Magie der Solidarität

Der türkische Schriftsteller und Menschenrechtsaktivist Dogan Akhanli ist im deutschen Exil verstorben

Nick Brauns

Die Genozide des 20. Jahrhunderts und die Universalität von Menschenrechten waren zentrales Thema im schriftstellerischen Werk und politischen Engagement von Dogan Akhanli. Geboren wurde er 1957 als Sohn eines Lehrers in der türkischen Schwarzmeerprovinz Artvin.

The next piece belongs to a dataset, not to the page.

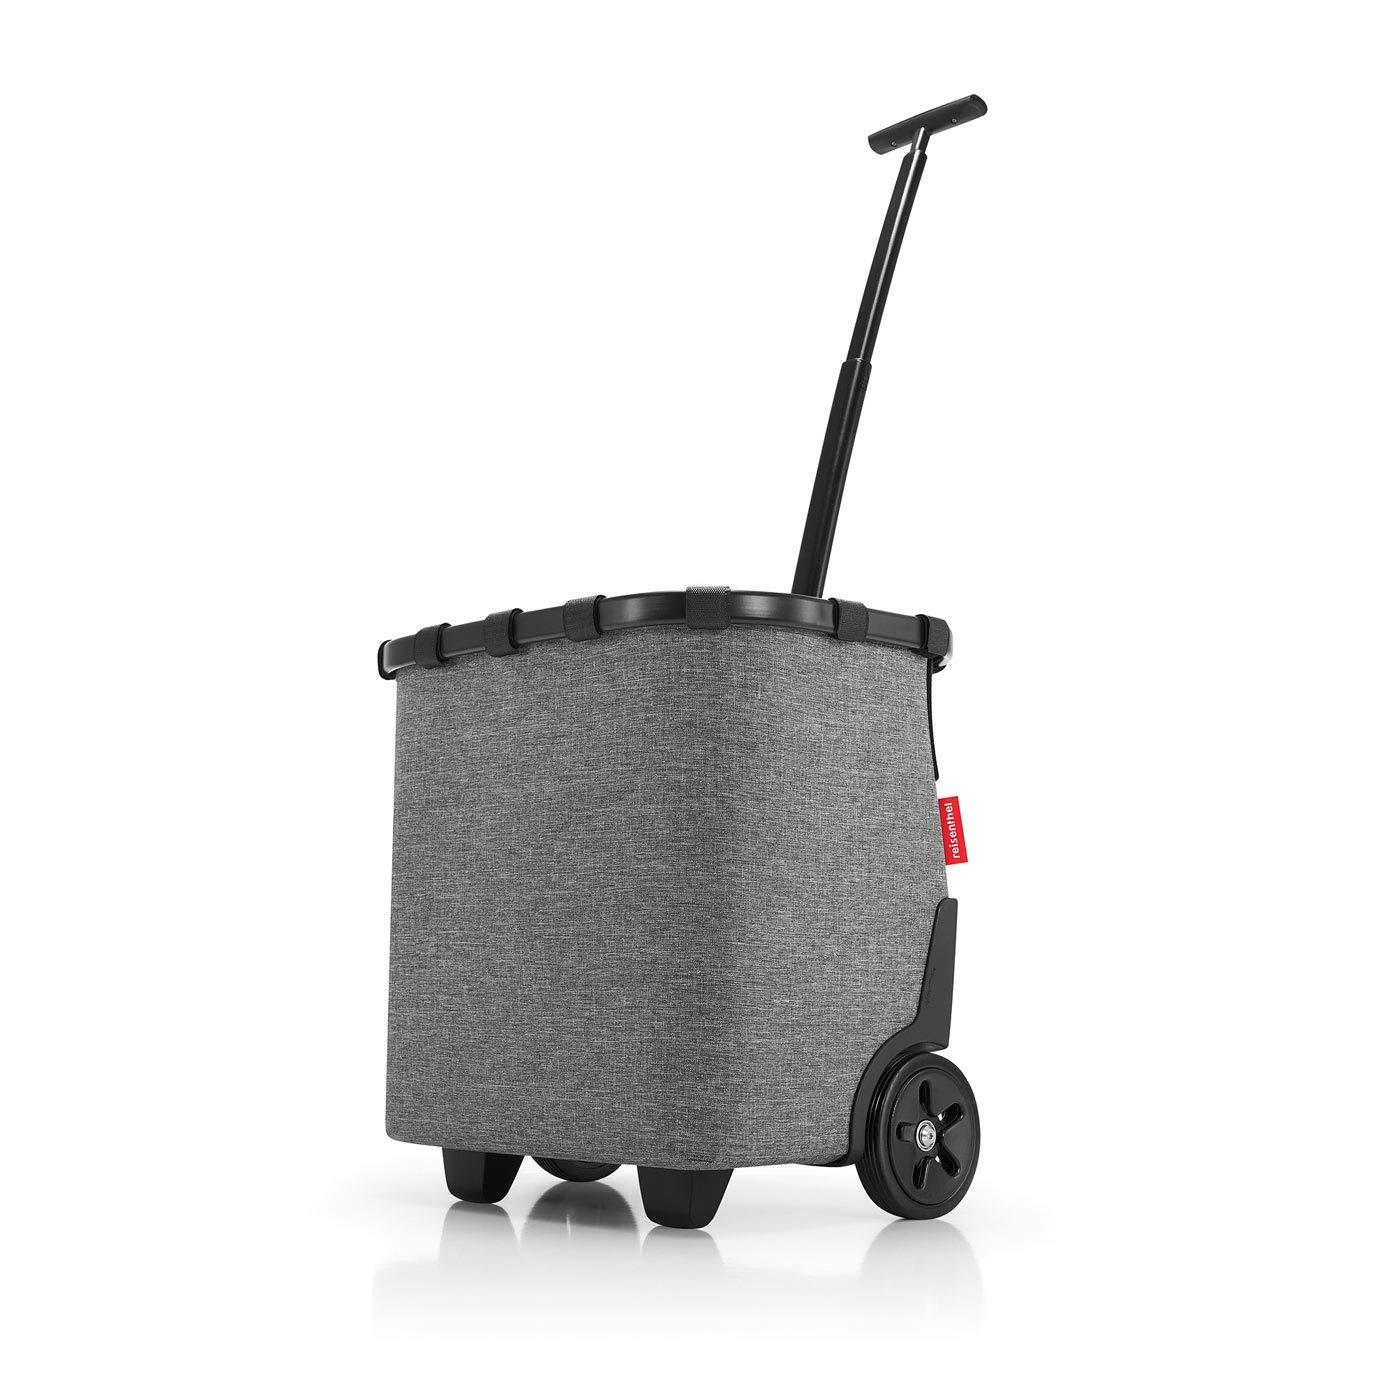 Reisenthel Handtaschen Taschen CARRYCRUISER_7052 twist silver Grau 4zVTr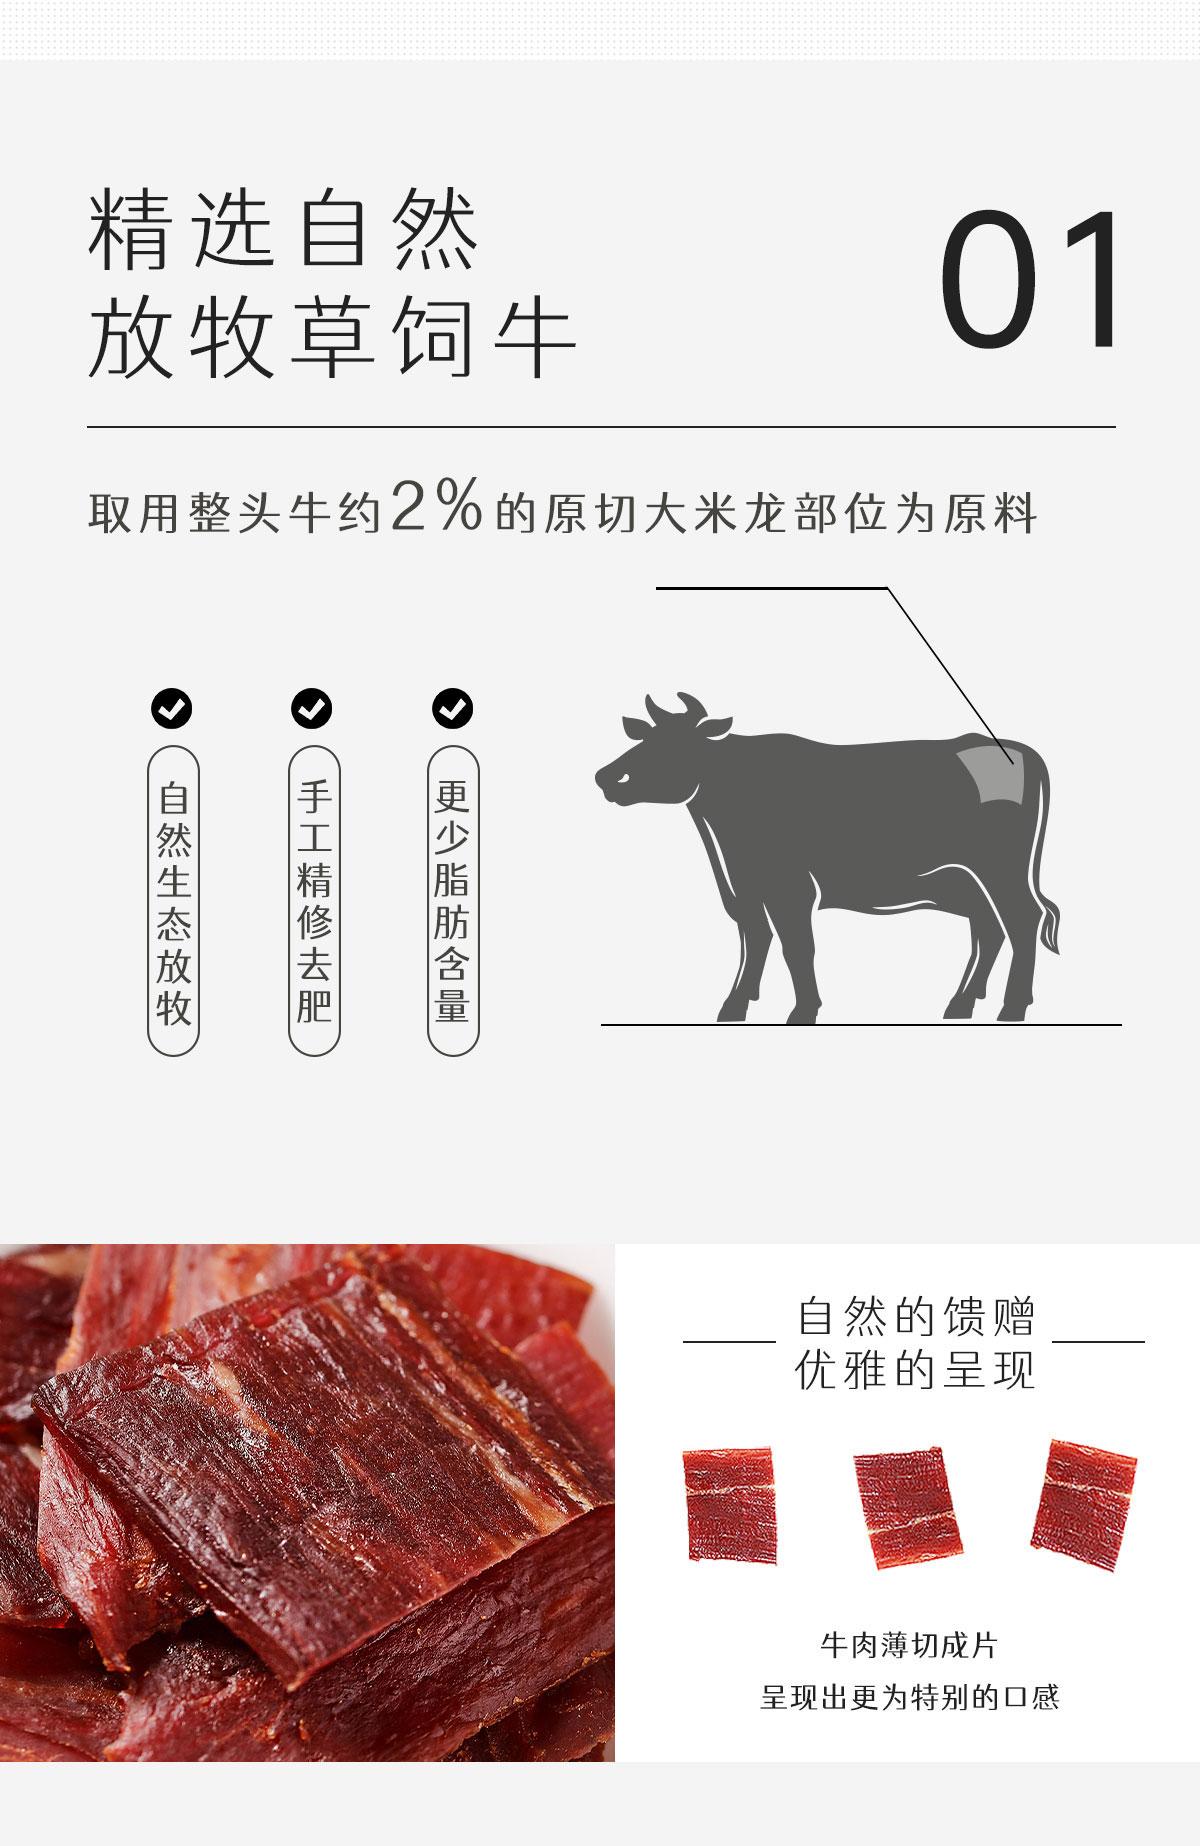 【主播推荐】金牛座的秘密原切牛肉干组合装

Als 18jähriger wurde er Mitte der 70er Jahre nach dem Kauf einer legalen linken Wochenzeitung erstmals festgenommen. Es folgten elf Tage Verhör und Folter. »Danach hatte ich nur ein einziges Ziel: diesen Gewaltapparat zu zerschlagen«, bekannte Akhanli 2020 im jW-Wochenendgespräch. »Die willkürliche Gewalt hatte aus einem harmlosen Jungen einen entschlossenen Kämpfer gemacht.« 1985 folgte die nächste zweieinhalb Jahre andauernde Haft Akhanlis, der sich der Revolutionär-Kommunistischen Partei der Türkei (TDKP) angeschlossen hatte. Sein Buch »Fasil« handelt von seinem Folterer, mit dem er Gespräche über die klassische Fasil-Musik geführt hatte.

1991 floh Akhanli ...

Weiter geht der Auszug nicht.